The KNIH performed a seroepidemiological study using the macroslide agglutination test for Leptospira antibody among residents of 17 Guns in 5 provinces (Gyeonggi, Gangwon, Chungbuk, Gyeongbuk, and Jeonnam) between February 1985 and July 1986. The overall seropositive rate was 11.69% (113/967). The percent frequency by region was 17.06% in Gangwon, 16.18% in Gyeonggi, 10.17% in Chungbuk, and 6.17% in Gyeongbuk. There was no notable sex difference, but the rates were significantly higher in people aged between 41 - 50 years (19.8%) and 51–60 years (19.2%). In the seroepidemiological study performed among residents of 17 cities and Guns in 9 provinces between February and May 1987, the seropositive rate was 5.9% (68/1162), and the regional positive rate was 14% in Chungbuk, 12% in Jeonbuk, and 8% in Jeonnam, reflecting the decreased number of cases of leptospirosis in 1986 compared to those reported in 1985. In the meantime, the study using the microscopic agglutination test (MAT) conducted in 1,141 patients with suspected leptospirosis in Seoul, Gyeonggi, Gangwon, Chungbuk, Gyeongbuk, Jeonbuk, and Jeonnam between the spring of 1986 and June 1987, 132 patients (11.6%) showed titers above 1:80 [25,26]. Subsequently, between 1986 and 1990, several research laboratories and institutes analyzed and reported the yearly, monthly, and regional occurrence of leptospirosis in local residents as well as the patients with acute febrile illness through seroepidemiological investigation [27,28,29,30,31].

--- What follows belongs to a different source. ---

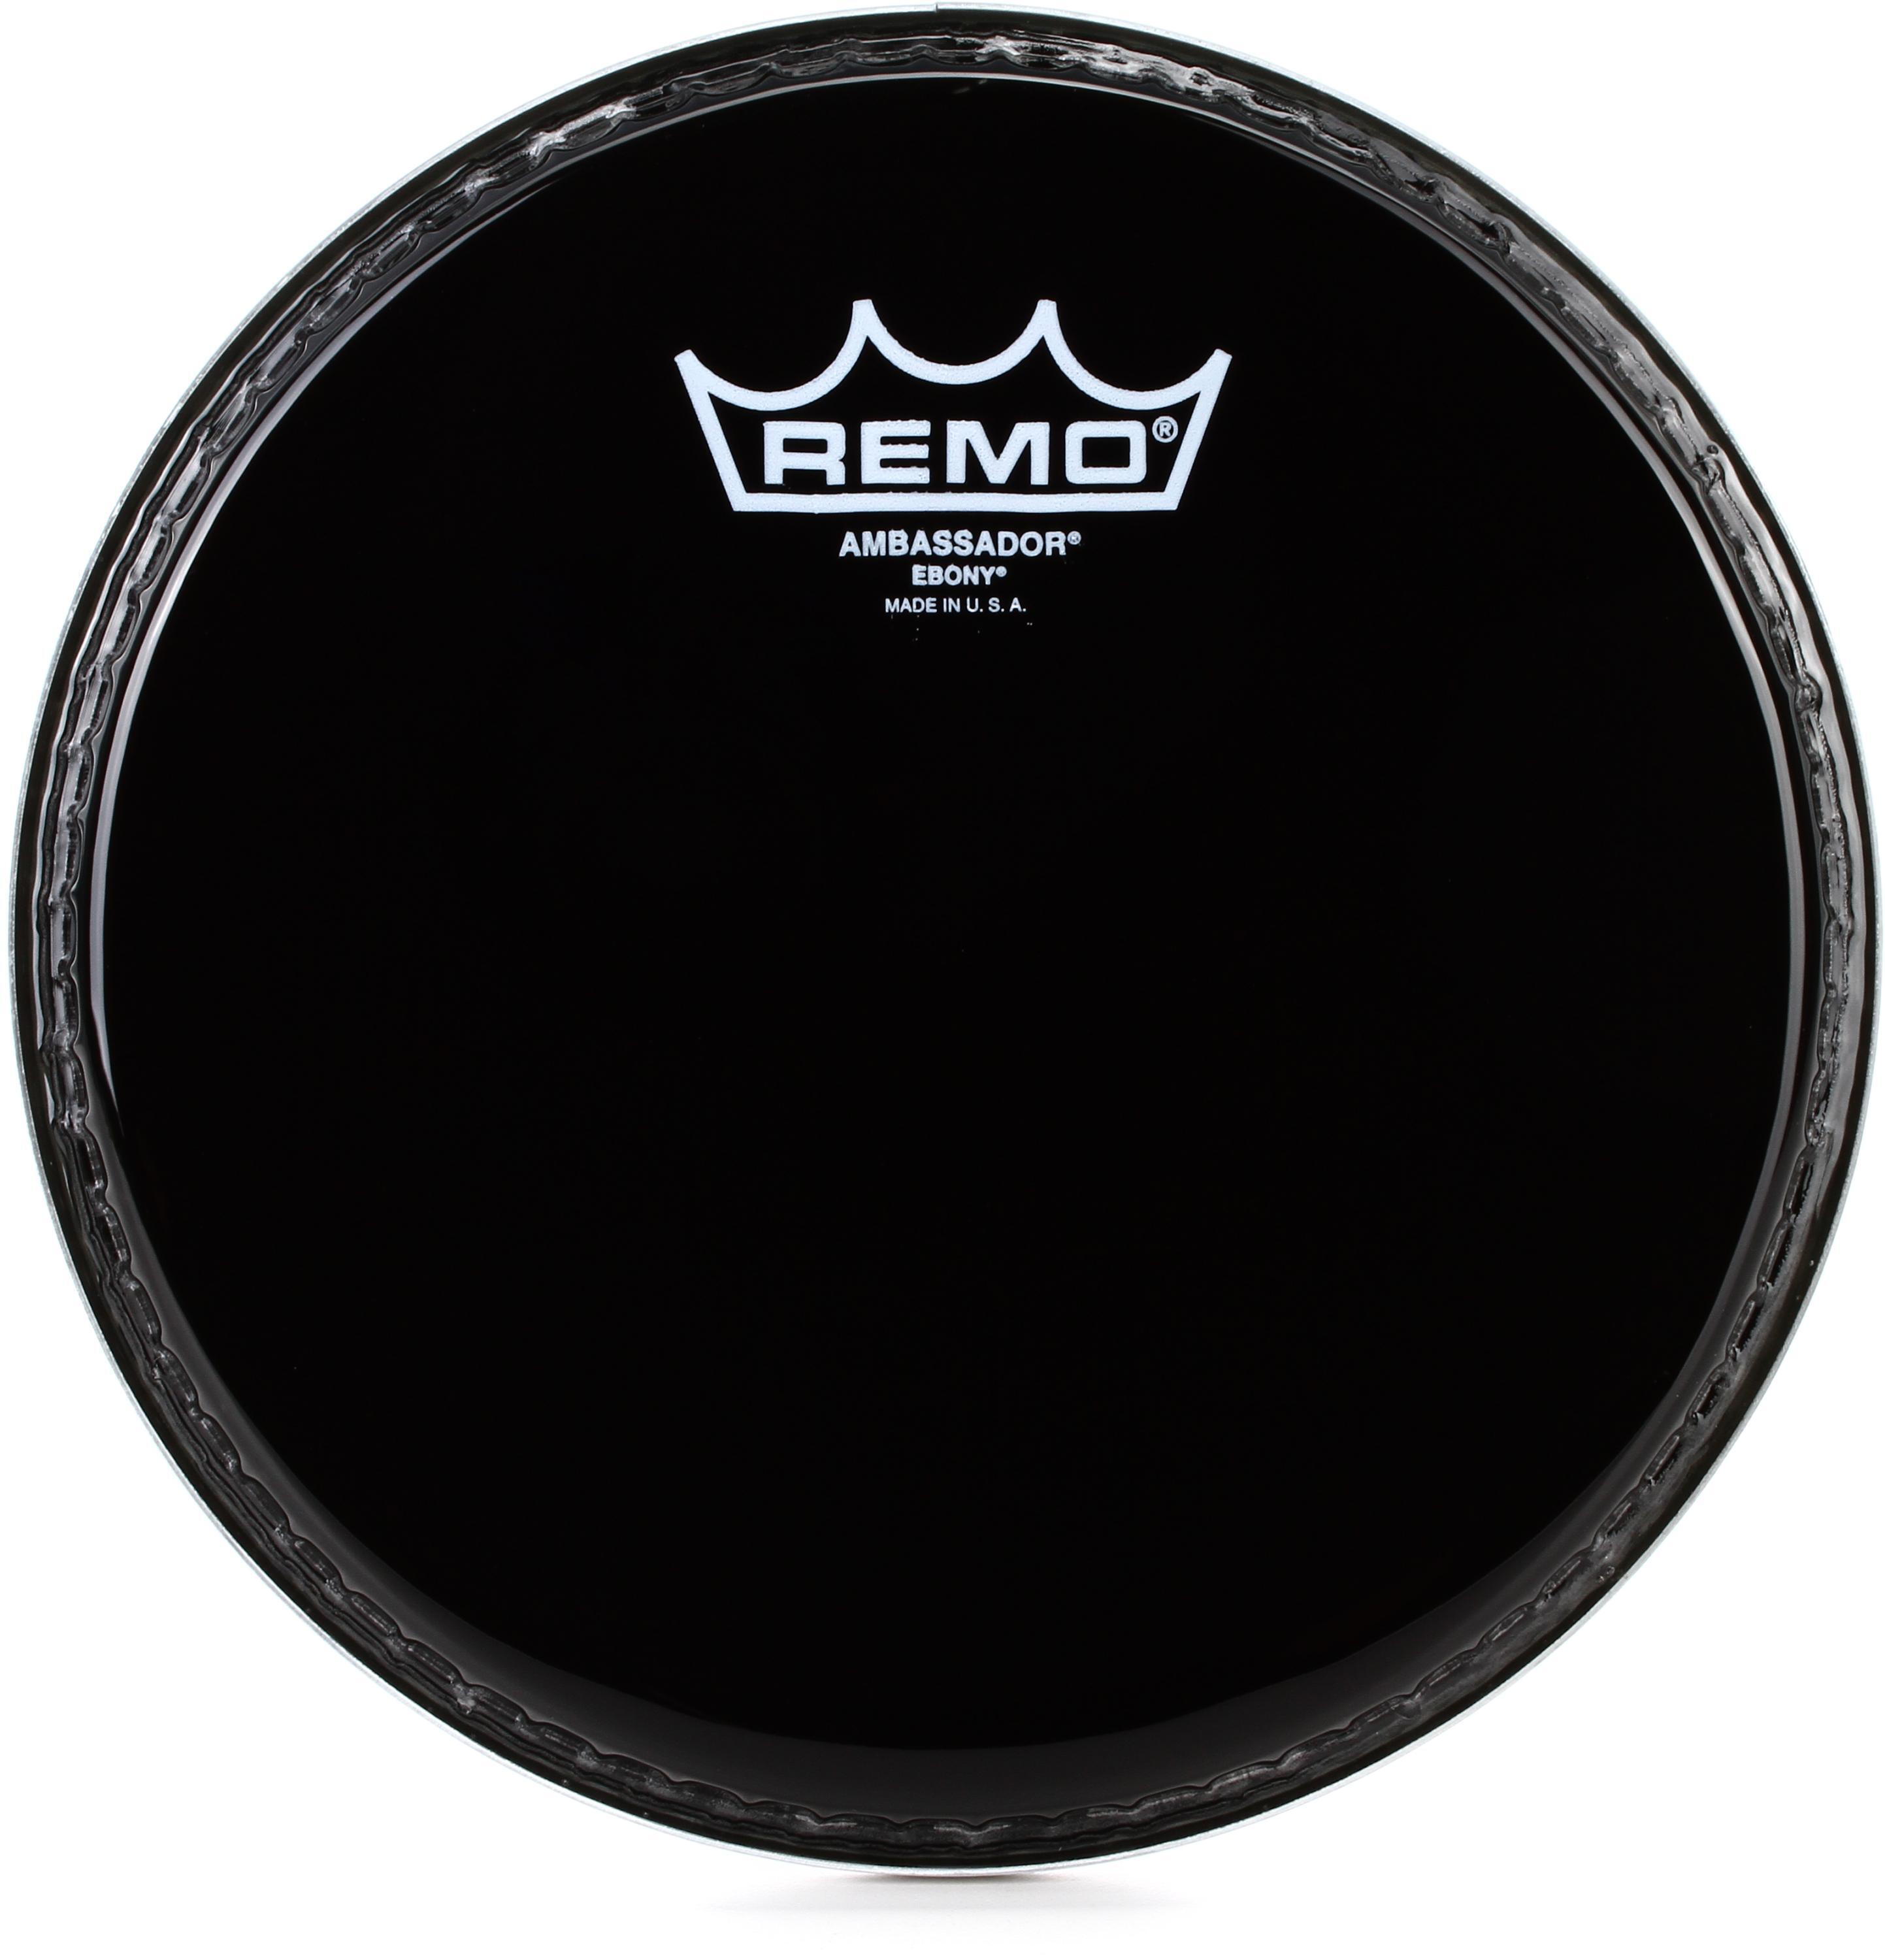 Bundled Item: Remo Ambassador Ebony Drumhead - 8 inch

2. Disease characteristics

1) Identification of the causative Leptospira serovars

Leptospira, belonging to the family Leptospiraceae, is a thin (width: 0.1 μm, length: 6 - 20 μm) and coiled aerobic Spirocheta. Leptospires can be observed under the dark-field microscope or phase-contrast microscope. Its end is hooked, and is extremely active motility when bent or rotating. Leptospires requires specialized media for culture and takes several weeks to months to grow. The genus Leptospira is characterized by antigenic and genetic heterogeneity and can be further classified genetically according to phylogeny and virulence or serologically. Serovar is defined as a leptospire whose homologous rabbit antiserum agglutinates it, but cannot be defined to a single isolate [3]. Serovar identification of isolated leptospires in a given region is necessary for development of diagnostic reagents and vaccines and is vital for research on changes in antigenicity or pathogenicity. When the cross-agglutination absorption test (CAAT) of two strains shows significant differences in antigen (residual titer >10%), they belong to different serovars [32]. Standard strains represent each serovar, and more than 250 serovars were found in 26 serogroups. Since CAAT takes a great deal of time and effort, it is limited for timely identification and epidemiological investigation of strains causing epidemics, and the test may also fail to show subtle but important antigenic differences between strains. Since the early 1980s, relatively quick and accurate tests, such as antigen agglutination assay using monoclonal antibodies [33], and restriction enzyme DNA analysis, have been available to complement CAAT [34].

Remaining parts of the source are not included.